DATA EXCERPT –
--------------------------------
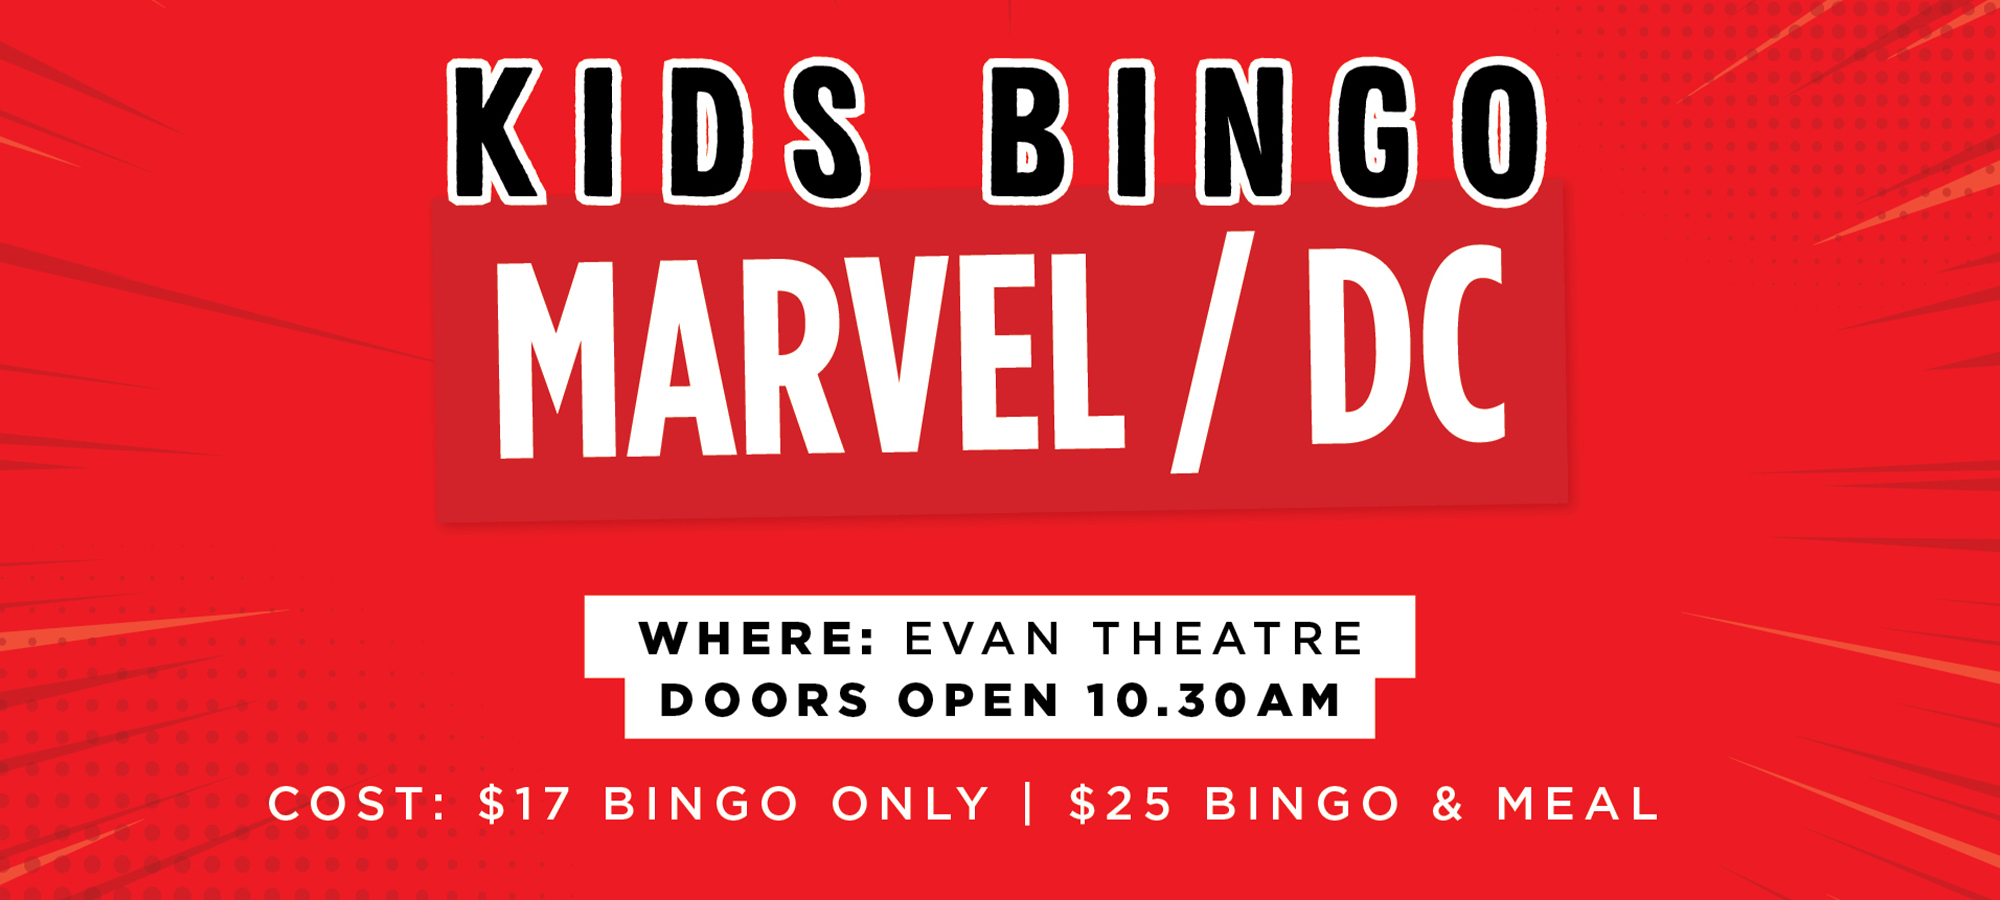 Kids Bingo: Marvel/DC Theme
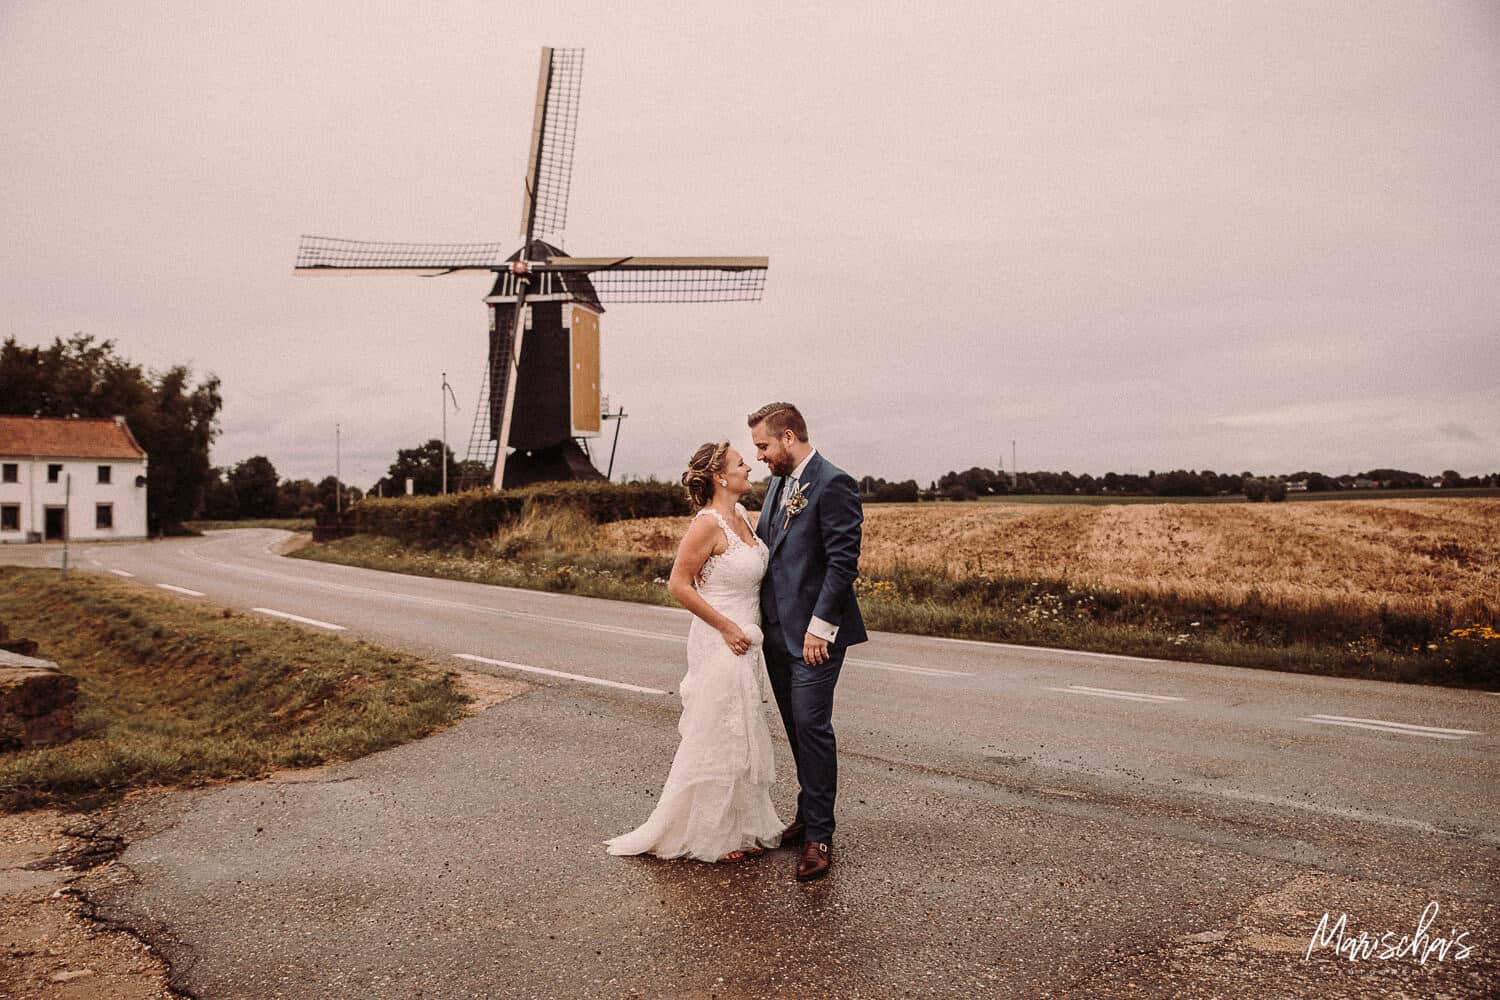 Als fotograaf mocht ik de bruiloft fotograferen van dit bruidspaar bij Aan de Meule in Beek (Limburg).
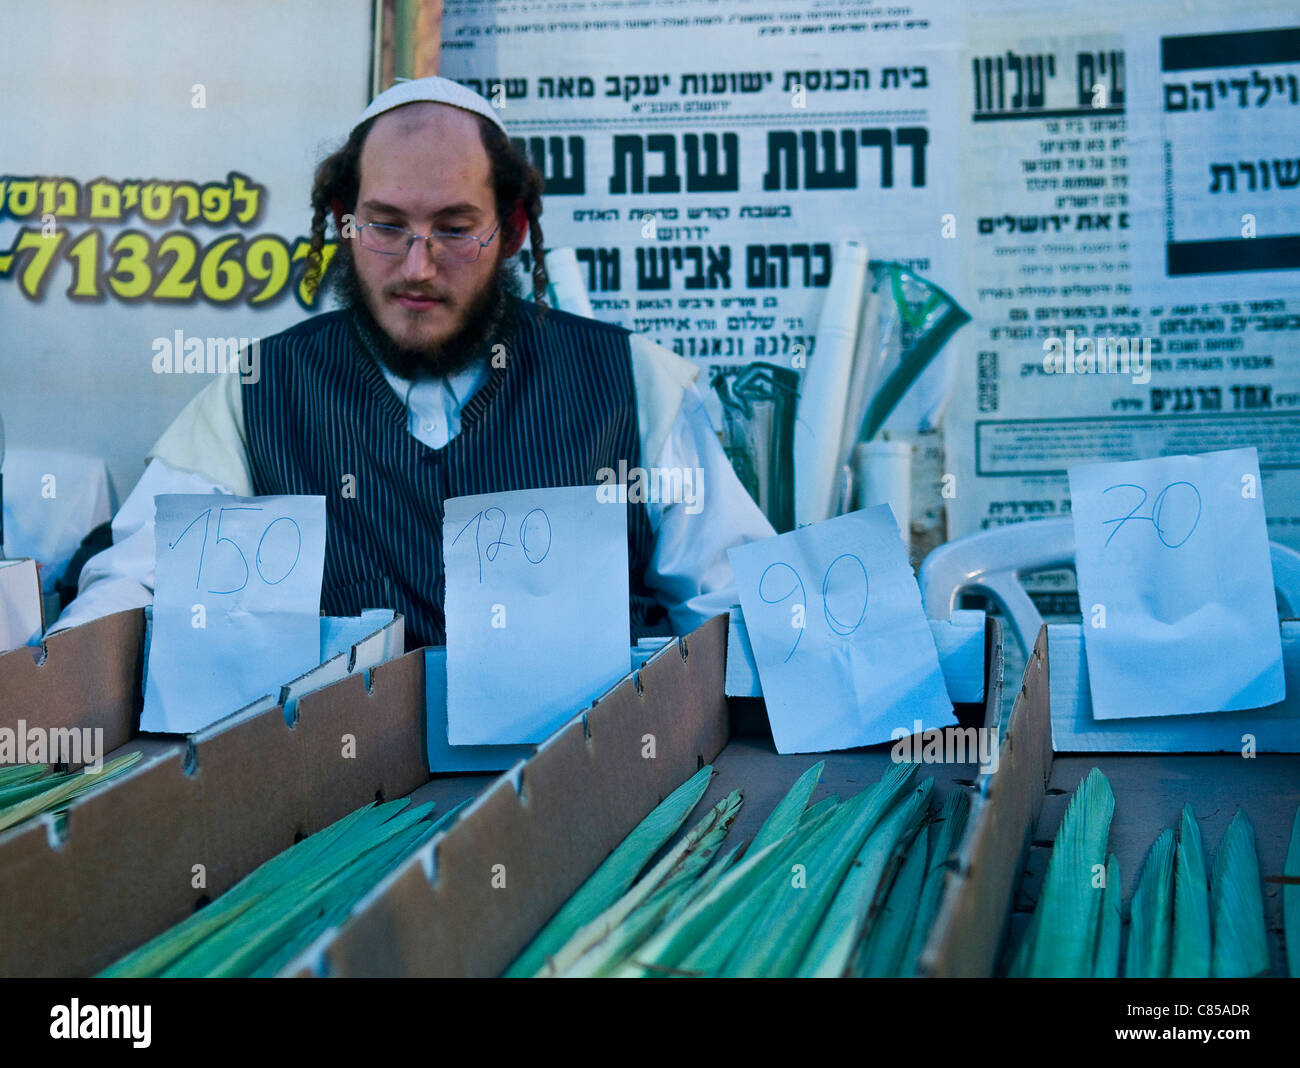 Un homme juif ultra-orthodoxe Loulav vend dans les "quatre" spesies marché de Jérusalem Israël Banque D'Images
--------------------------------
Please output the listing above in full, exactly as given, without its images.

RESULT –
 Kids Bingo: Marvel/DC Theme
 Als fotograaf mocht ik de bruiloft fotograferen van dit bruidspaar bij Aan de Meule in Beek (Limburg).
 Un homme juif ultra-orthodoxe Loulav vend dans les "quatre" spesies marché de Jérusalem Israël Banque D'Images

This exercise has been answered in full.